Please use makefile for linting. If you run staticcheck by itself it will fail due to different tags containing same functions. So please run make lint instead.

Developing with Visual Studio Code Devcontainers

NOTE: This use of devcontainers for terraform-provider-databricks development is experimental and not officially supported by Databricks

This project has configuration for working with Visual Studio Code Devcontainers - this allows you to containerize your development prerequisites (e.g. golang, terraform). To use this you will need Visual Studio Code and Docker.

To get started, clone this repo and open the folder with Visual Studio Code. If you don't have the Remote Development extension then you should be prompted to install it.

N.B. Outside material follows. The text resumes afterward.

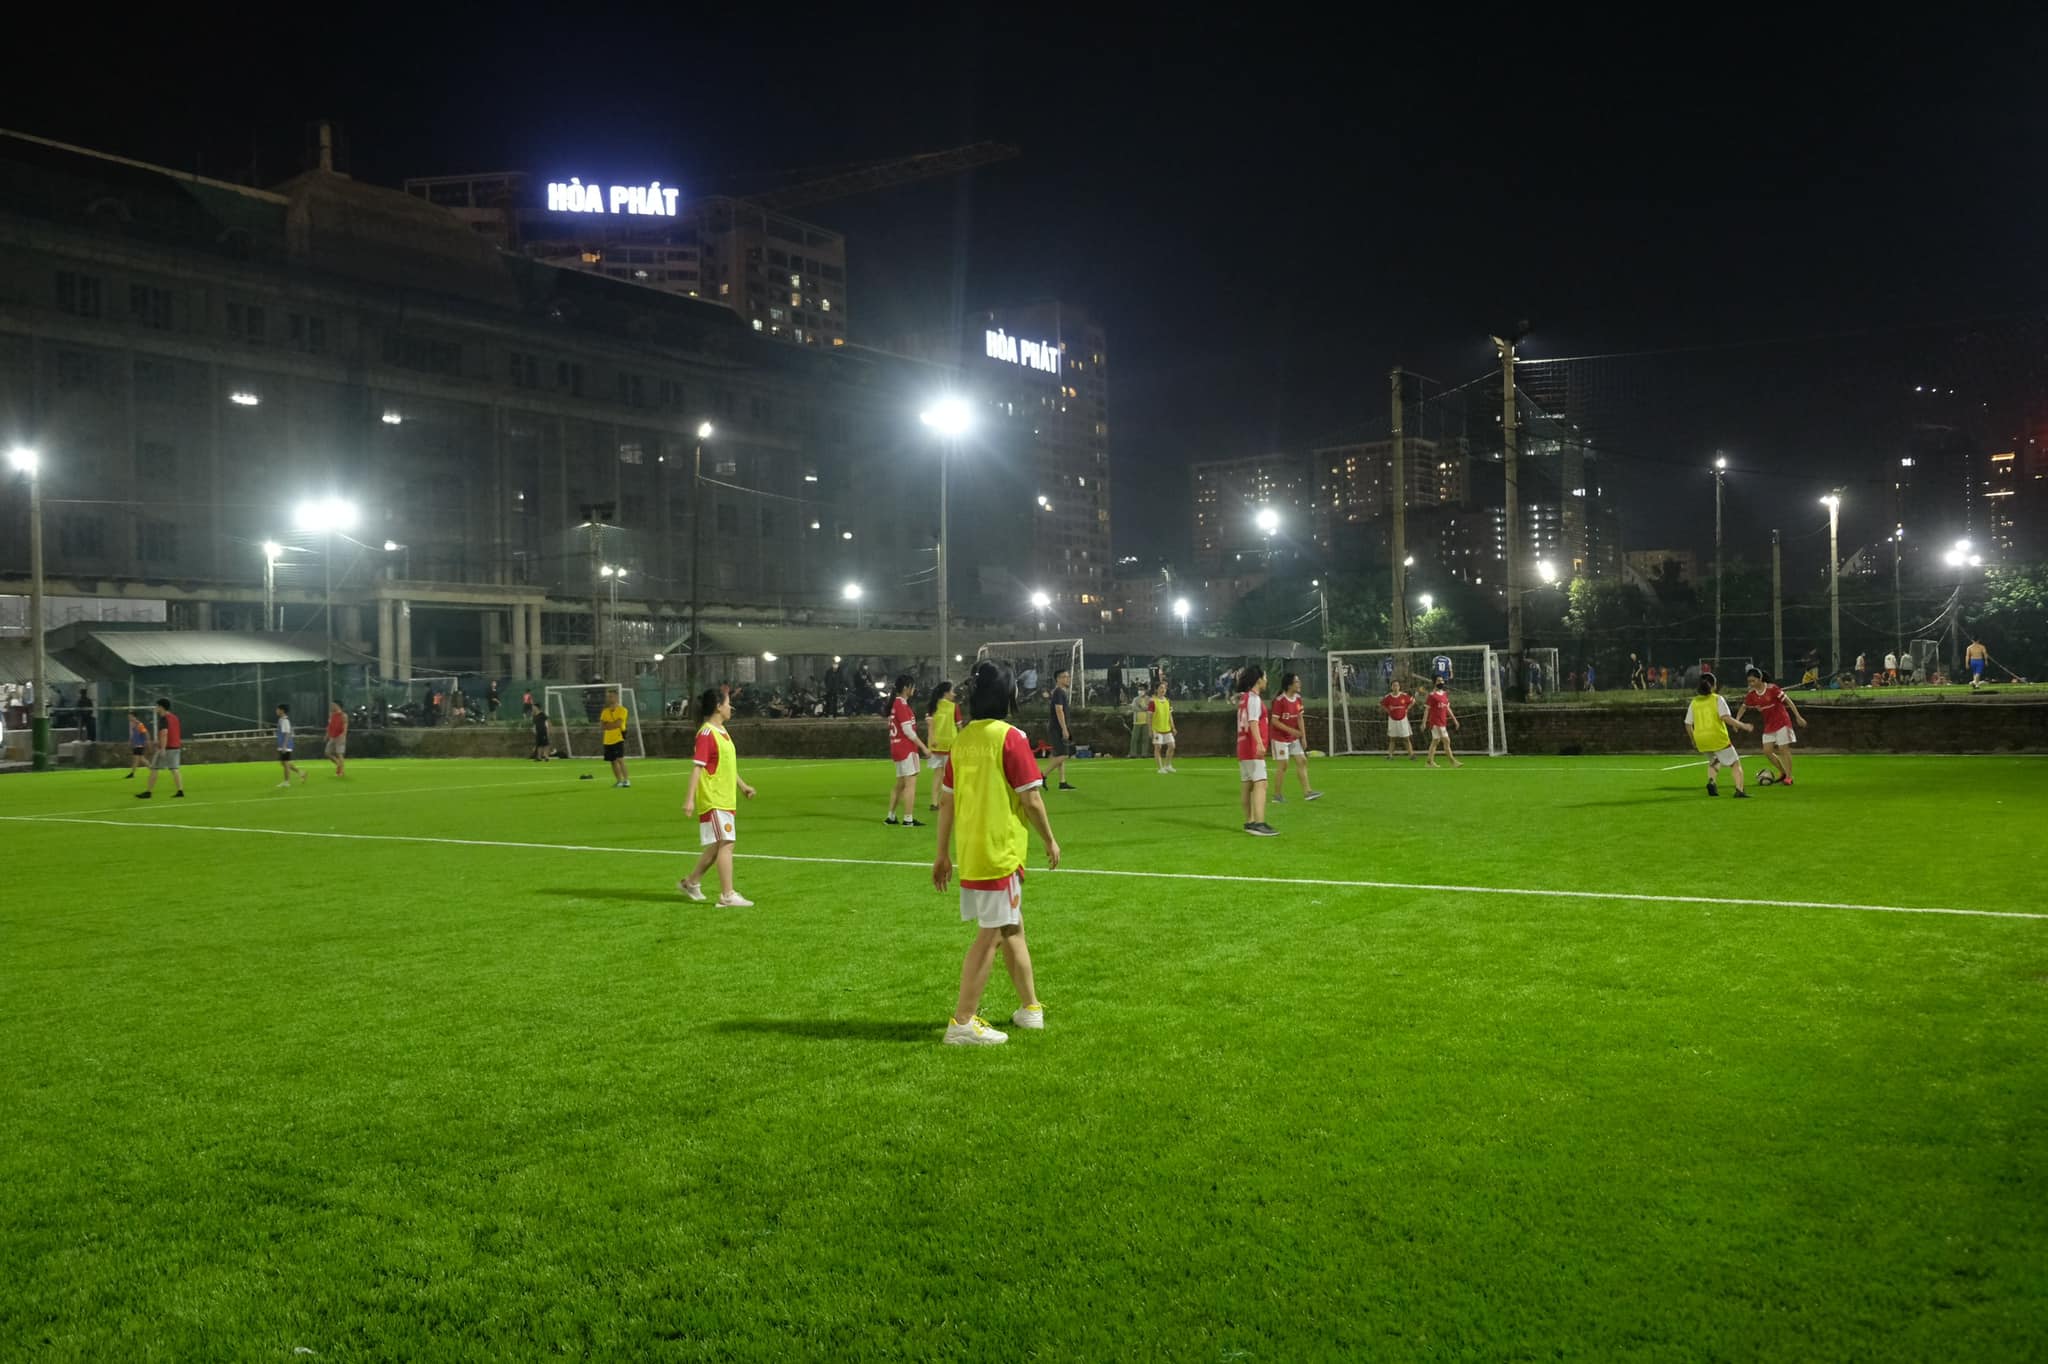 Tái khởi động đội bóng đá nữ Thái Minh

Once the folder is loaded and the extension is installed you should be prompted to re-open the folder in a devcontainer. This will built and run the container image with the correct tools (and versions) ready to start working on and building the code. The in-built terminal will launch a shell inside the container for running make commands etc.

See the docs for more details on working with devcontainers.